Hope this helps, Mikeclod

User currently offlineBjones From United States of America, joined Feb 2002, 123 posts, RR: 0
Reply 8, posted (14 years 2 weeks 4 days 23 hours ago) and read 3112 times:

I would assume they didn't use the slides becuase they felt that the risk of injury using the slides exceeded the risk of injury in the delay to get out the cabin door. The fact that servicing was going on through several doors didn't slow anything down since those doors would not have been available to passengers anyways unless the slides were used. Getting off the plane into the catering truck wouldn't get them very far.

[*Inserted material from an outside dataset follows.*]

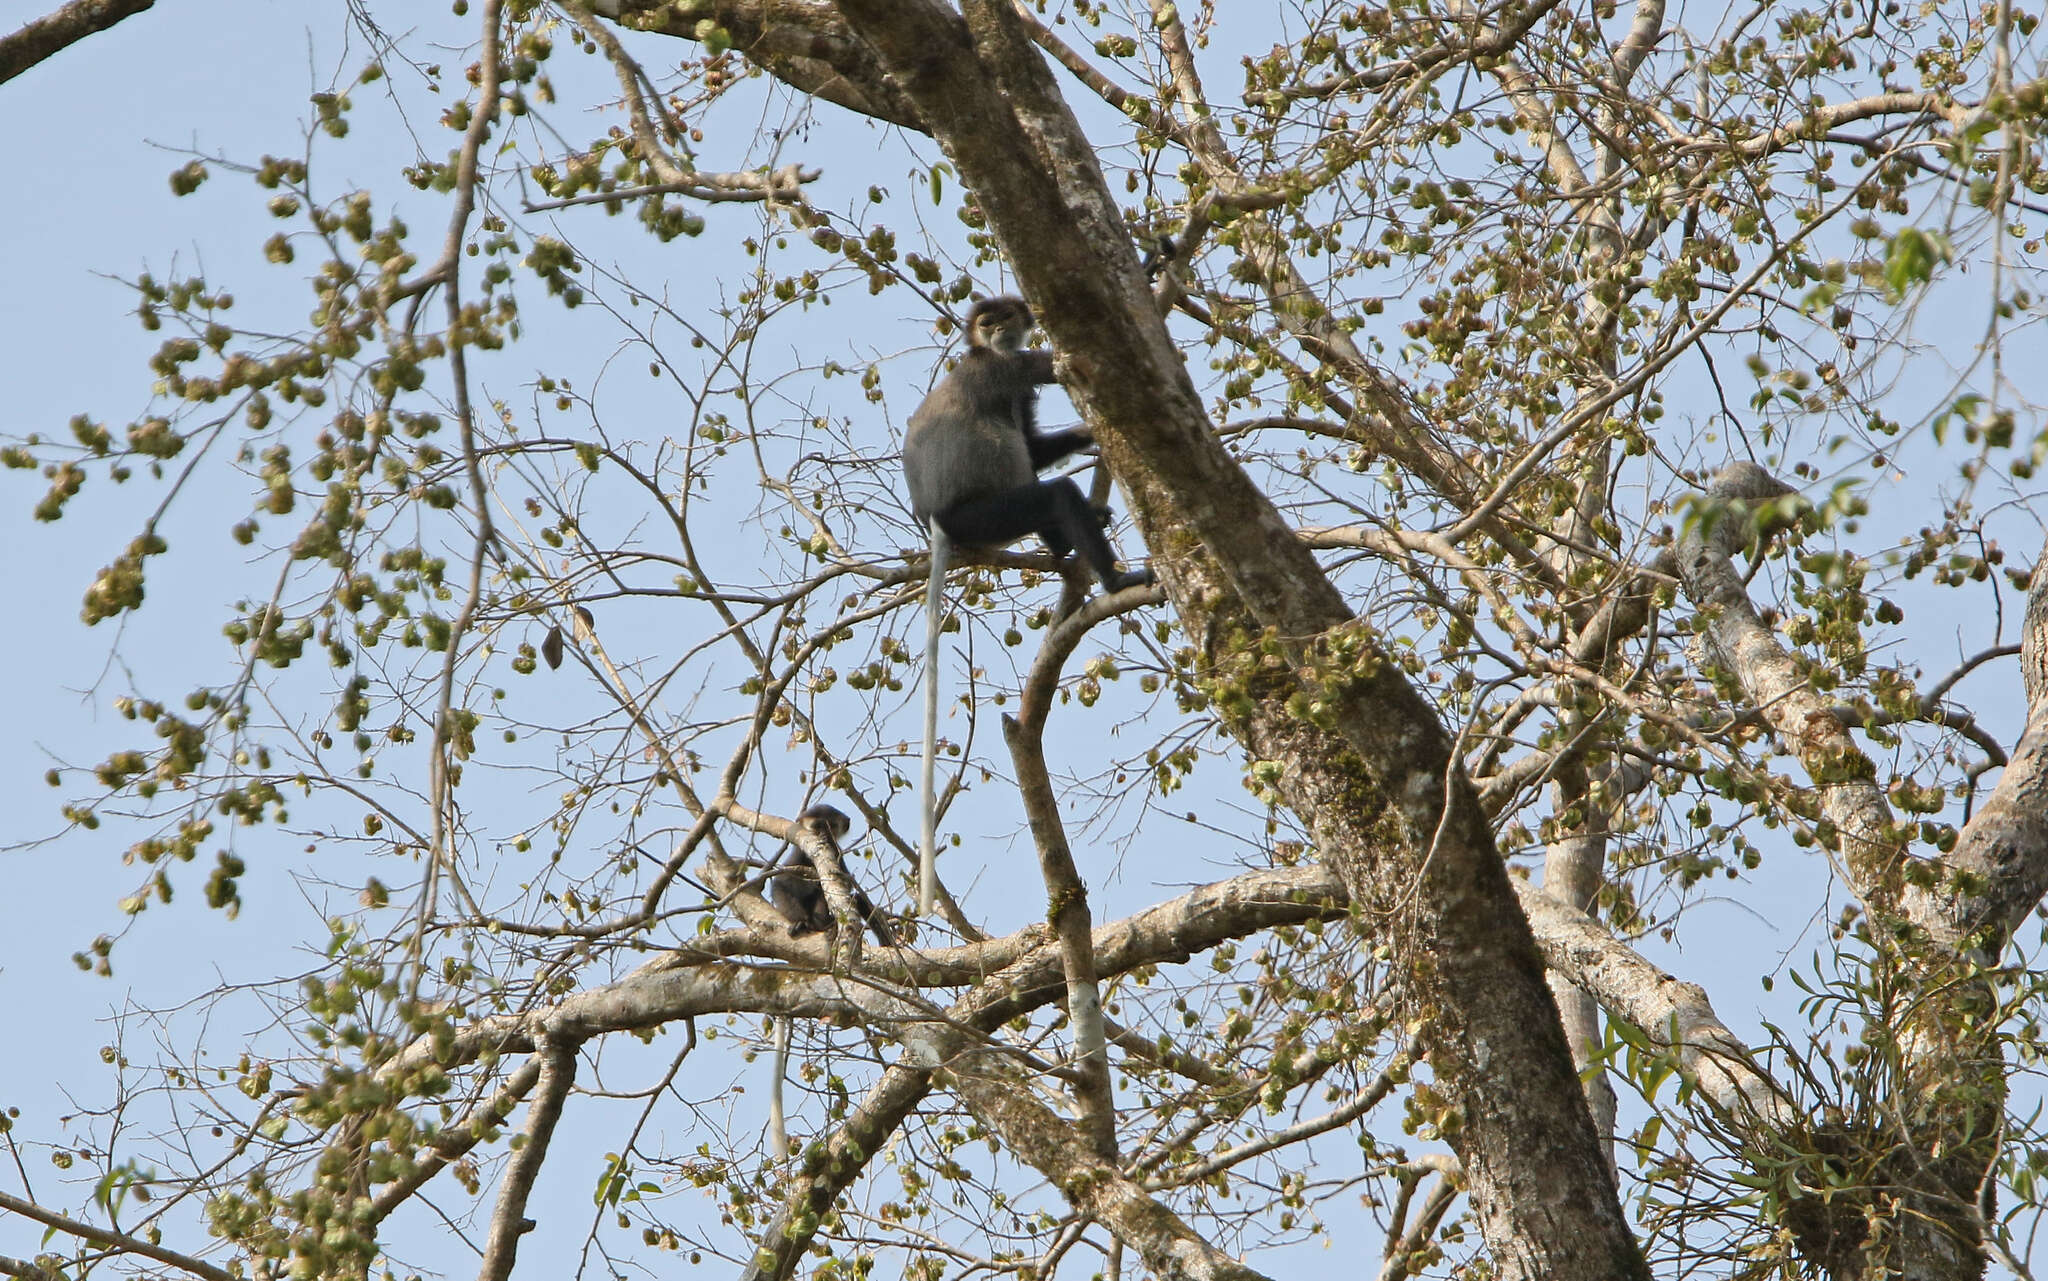 Image of Black-shanked Douc Langur

As far as fueling with passengers on board. Our procedures allow it as long as the passenger boarding door is kept open. Anytime we have passengers on the aircraft on the ground even if it is just one and there is no fueling going on we must have at least half the required flight attendant crew on board.

User currently offlineCricri From France, joined Oct 1999, 581 posts, RR: 6
Reply 9, posted (14 years 2 weeks 4 days 18 hours ago) and read 3108 times:

and .... it that specific case I have told about, I do think it's against every safety standard to have two opposite doors inop at the same time. I remember having sent back a caterer because door #14 was occupied and he wanted to cater via #24. I spoke briefly to the captain and he agreed with me, so the guy (who was very mad at me) had to disengage himself during the boarding. Anyway I think that most of the time ground people do not know how dangerous it can be to get hit by a deploying slide, I know that time is money but never forget that safety procedures where no set just for fun, there is always a reason for them.